A Stoner guide to columbia

Across a novel set in and around Mizzou, Stoner protagonist William Stoner spends the first half of the 20th century — two World Wars, the Roaring ’20s and the Great Depression included — woven into the fabric of the university. As he, his family, students and peers do so, author John Williams, PhD ’54, paints a vivid picture of Columbia and the campus. 

Here are a few of the most resonant descriptions.

On the MU Library:
[B]efore William Stoner the future lay bright and certain and unchanging. He saw it, not as a flux of event and change and potentiality, but as territory ahead that awaited his exploration. He saw it as the great University library, to which new wings might be built, to which new books might be added and from which old ones might be withdrawn, while its true nature remained essentially unchanged.

On the Quad:
Sometimes he stood at the center of the Quad, looking at the five [sic] huge columns in front of Jesse Hall that thrust upward into the night out of the cool grass; he had learned that these columns were the remains of the original main building of the university, destroyed many years ago by fire. Grayish silver in the moonlight, bare and pure, they seemed to him to represent the way of life he had embraced, as a temple represents a god.

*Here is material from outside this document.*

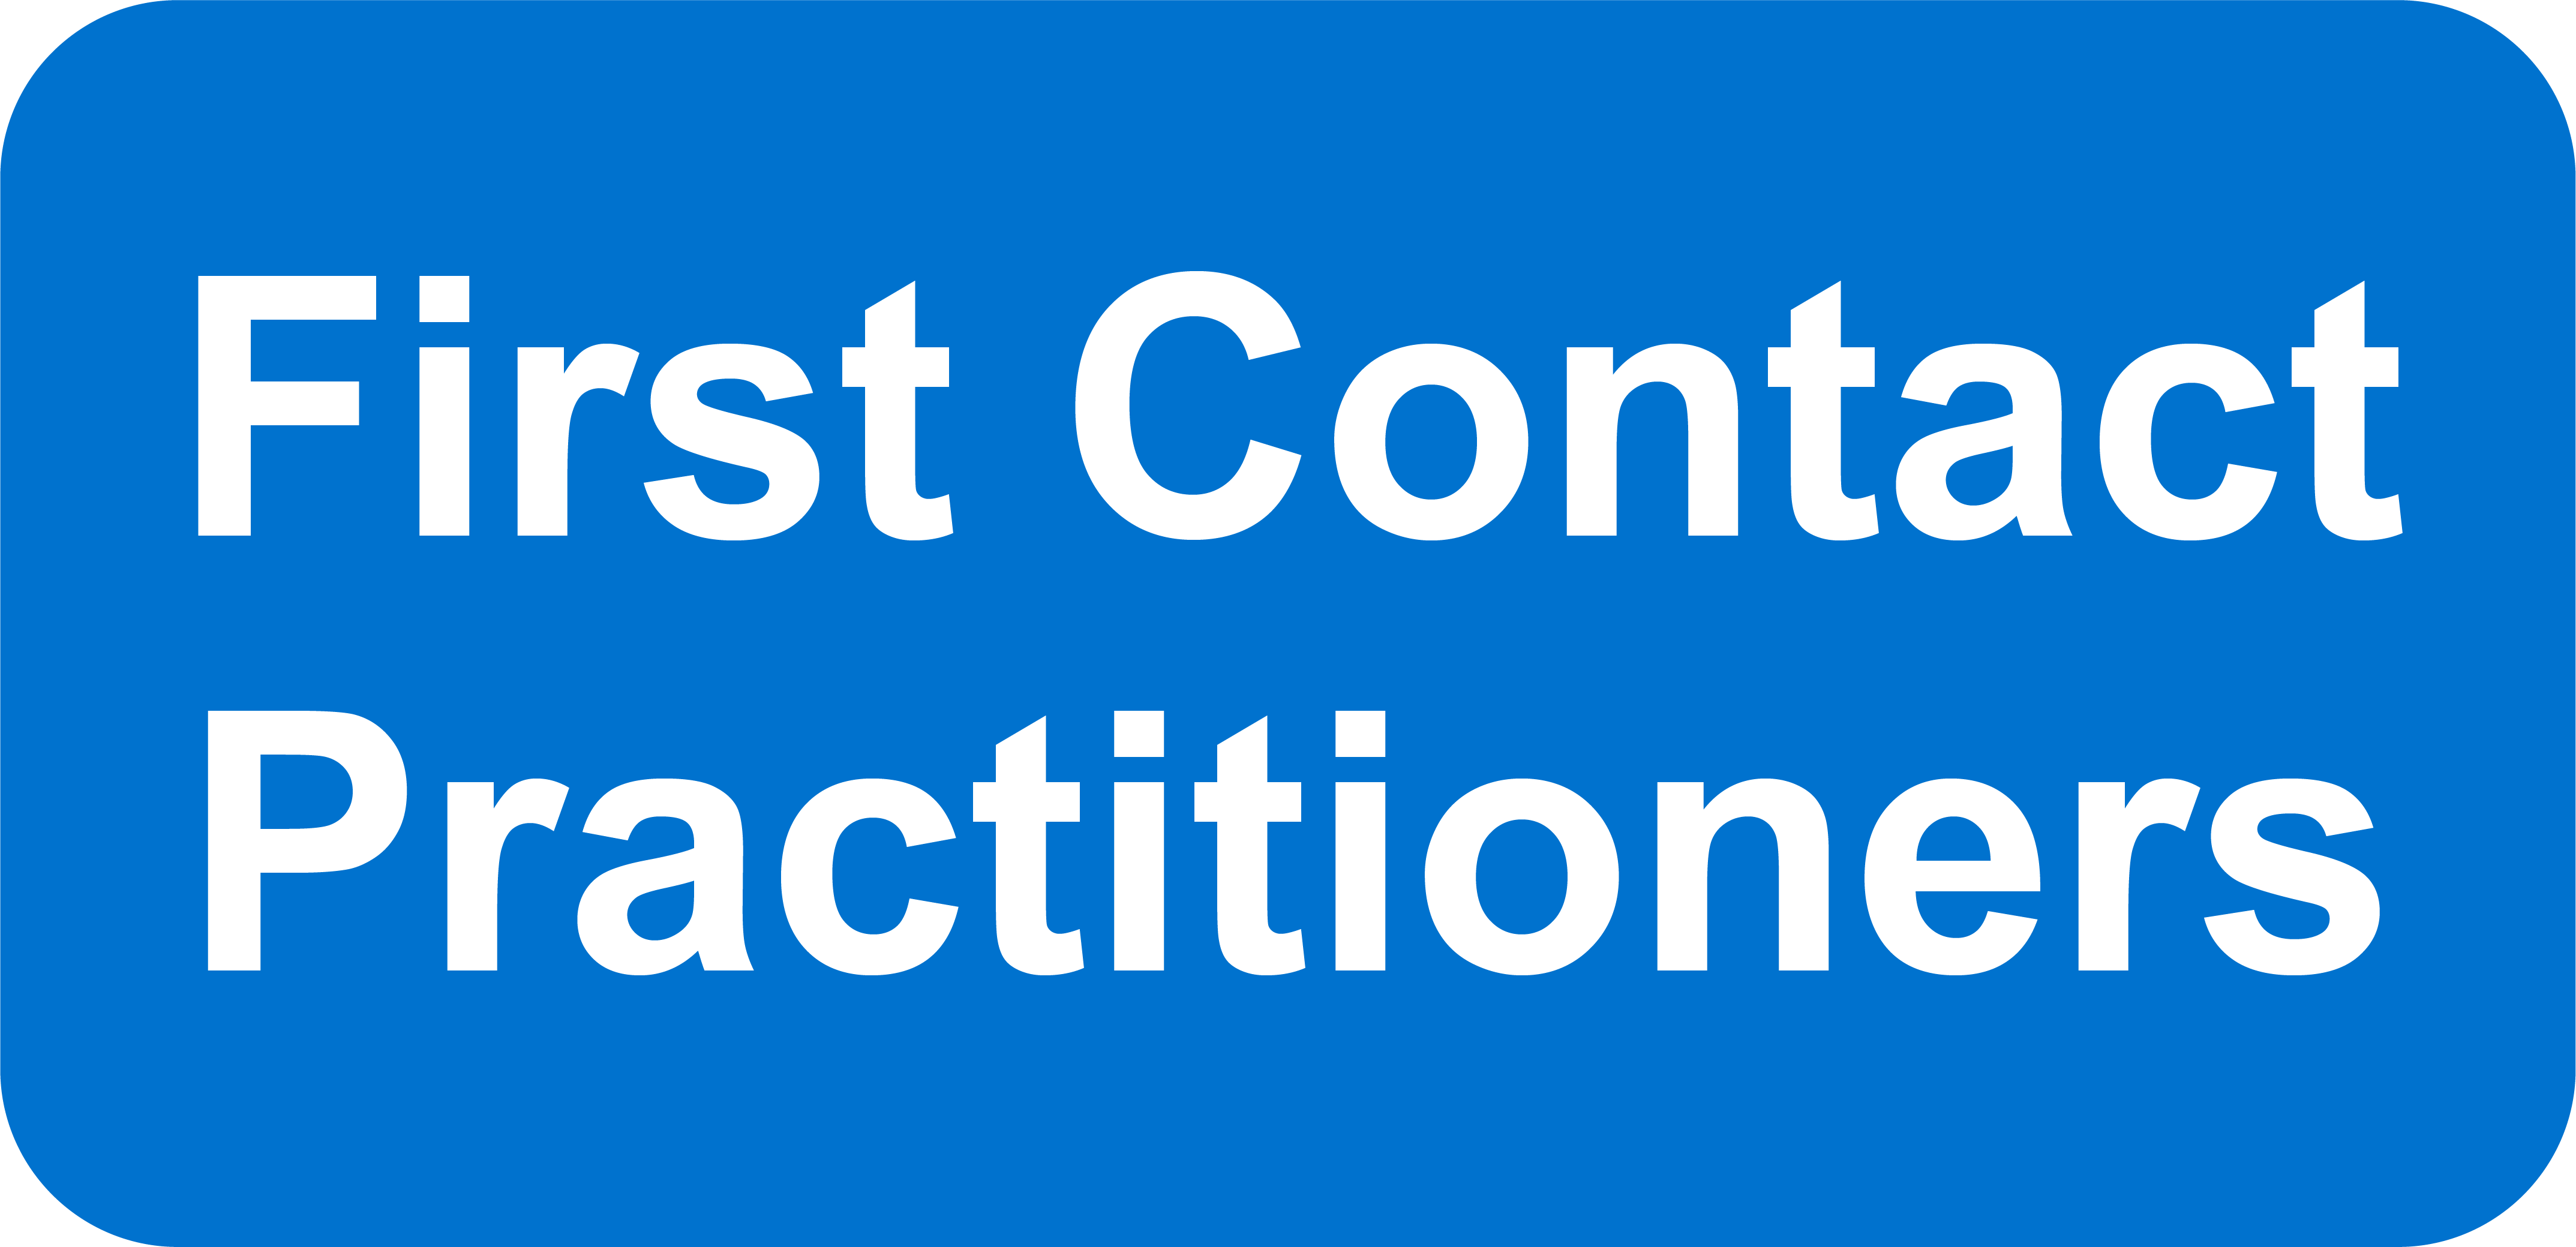 First Contact Practitioners

Inside (what seem like) the Niedermeyer Apartments:
About three blocks from the campus, toward town, a cluster of old houses had, some years before, been converted into apartments … The house in which Katherine Driscoll lived stood in the midst of these. It was a huge three-storied building of gray stone, with a bewildering variety of entrances and exits, with turrets and bay windows and balconies projecting outward and upward on all sides.

Inside Jesse Hall:
He stood at the stairs that led up to the second floor; the steps were marble, and in their precise centers were gentle troughs worn smooth by decades of footsteps going up and down. They had been almost new when — how many years ago? — he had first stood here and looked up, as he looked now, and wondered where they would lead him.

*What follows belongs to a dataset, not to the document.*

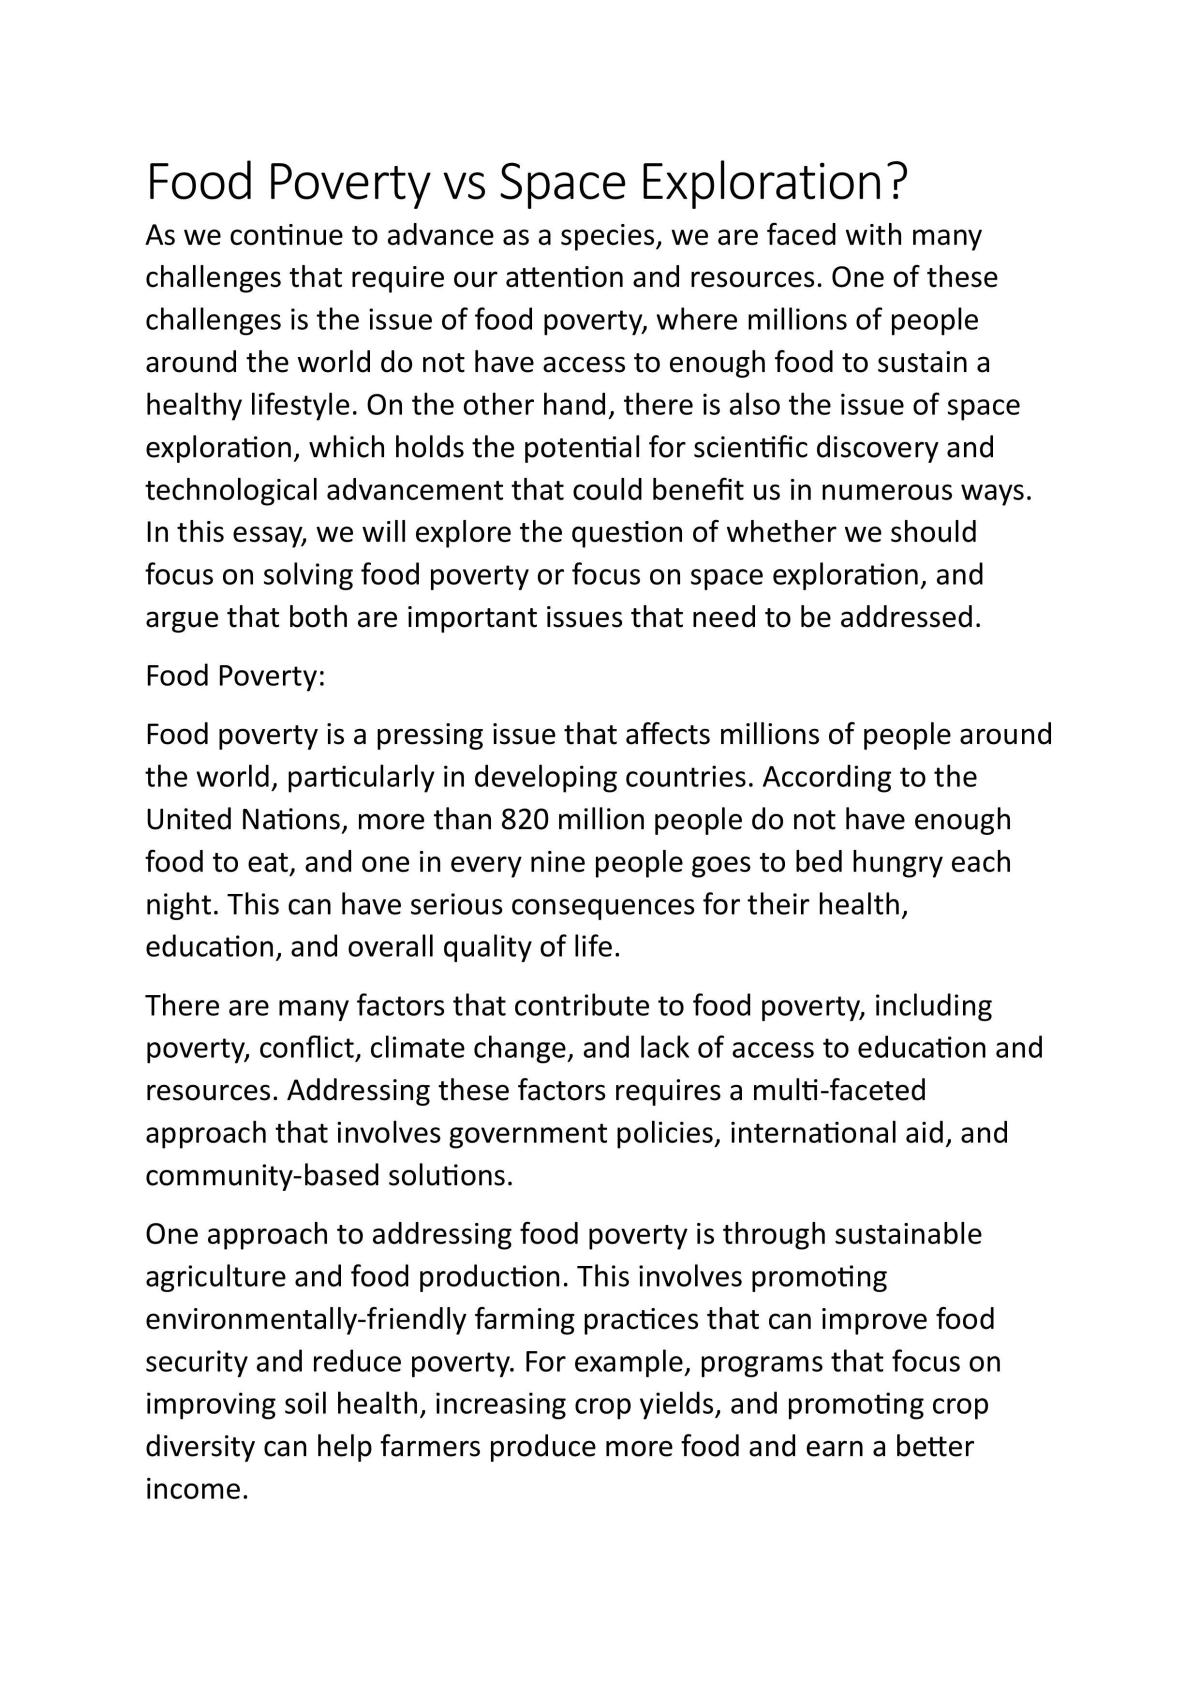 Should we solve food poverty or focus on space exploration? - Page 1

At the end of World War I:
On November 11th of that year, two months after its last semester began, the Armistice was signed. The news came on a class day, and immediately the classes broke up; students ran aimlessly about the campus and started small parades that gathered, dispersed, and gathered again, winding through halls, classrooms, and offices. Half against his will, Stoner was caught up in one of these which led into Jesse Hall, through corridors, up stairs, and through corridors again.